Instruct-ERIC Events

Machine Learning for Complex Datasets with ChatGPT

Training
Registration Date: 01-Apr-2025 to 30-Apr-2025
Date: 30-Apr-2025

This one-day workshop, led by Nikolay Oskolkov from Lund University, provides a comprehensive introduction to machine learning techniques in data analysis, focusing on both theoretical knowledge and practical coding skills in R and Python while using ChatGPT as a research assistant for coding and interpreting results. Participants will learn to implement from scratch and optimize algorithms such as neural networks, random forest, k-means clustering, Gaussian Mixture Model (GMM), and Markov Chain Monte Carlo (MCMC), making it an essential resource for advancing research in statistics and data science.

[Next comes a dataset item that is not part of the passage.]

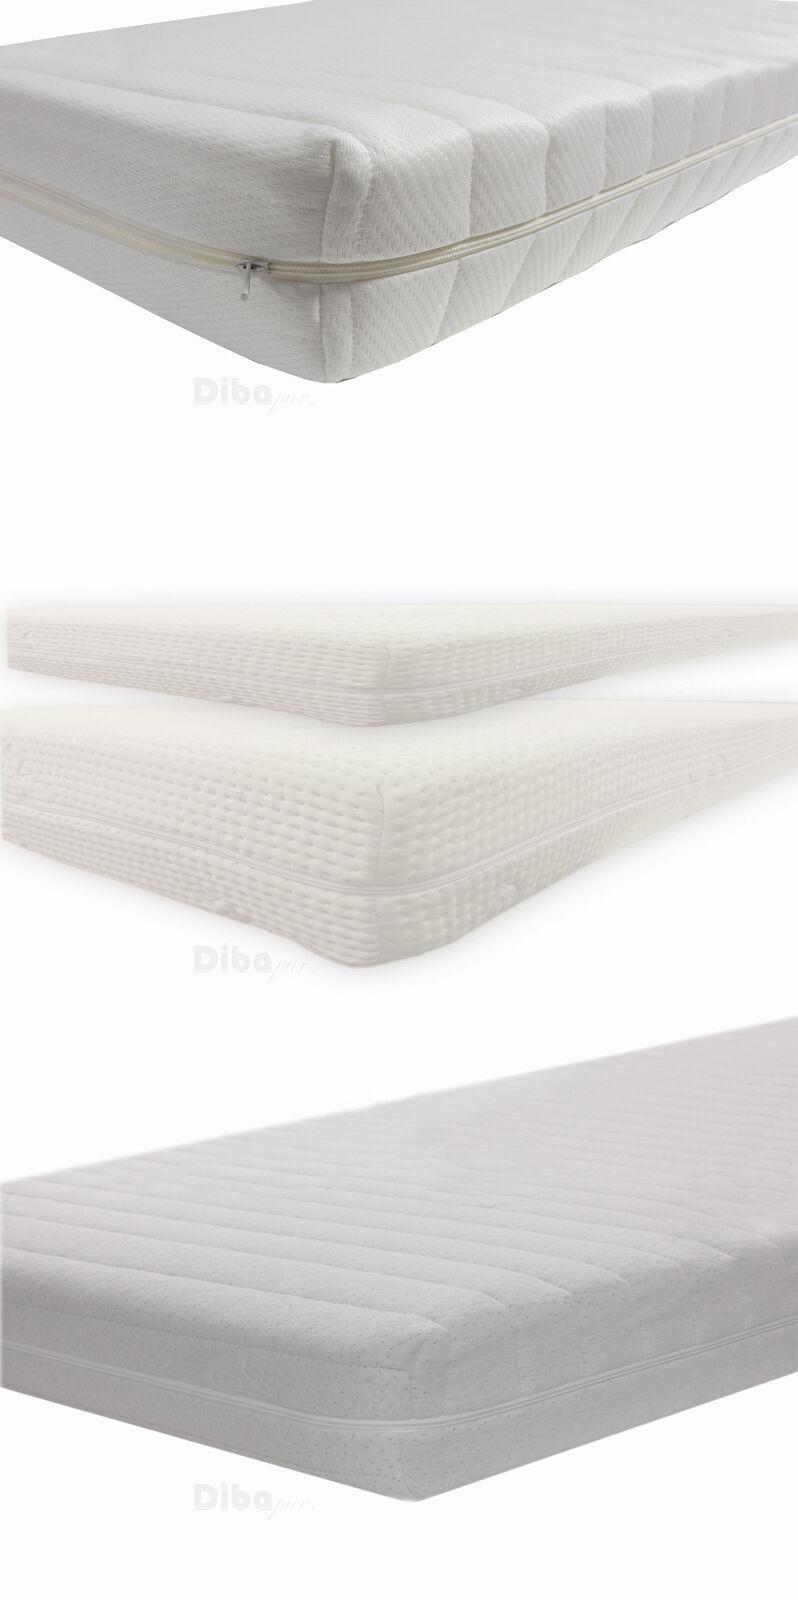 Kalt-schaum matratze 100x200 120x200 140x200 150x200 160x200 180x200 200x200

Machine learning has become an indispensable tool in the field of computational data analysis, offering powerful techniques to analyze and interpret complex data. As the volume of data continues to grow exponentially, the ability to apply machine learning algorithms effectively is crucial for advancing research across the biological, environmental, health, and social sciences — as well as statistics and engineering. Nikolay Oskolkov from Molecular Biosciences, Lund University, brings his extensive expertise to this one-day workshop, showing how to use AI tools like ChatGPT alongside R and Python for advanced data analysis, thereby equipping participants with both theoretical knowledge and practical skills in this cutting-edge area.
This workshop is particularly valuable for PhD students, academics, and professional researchers who are looking to enhance their analytical capabilities using machine learning. By focusing on practical applications in R and Python with coding and interpretation assistance from ChatGPT, participants will not only learn the theoretical underpinnings of various machine learning algorithms but also gain hands-on experience in coding these algorithms from scratch in extremely intuitive ways. This dual approach ensures that attendees can immediately apply what they learn to their own research projects, making the workshop an essential investment for anyone involved in computational data analysis.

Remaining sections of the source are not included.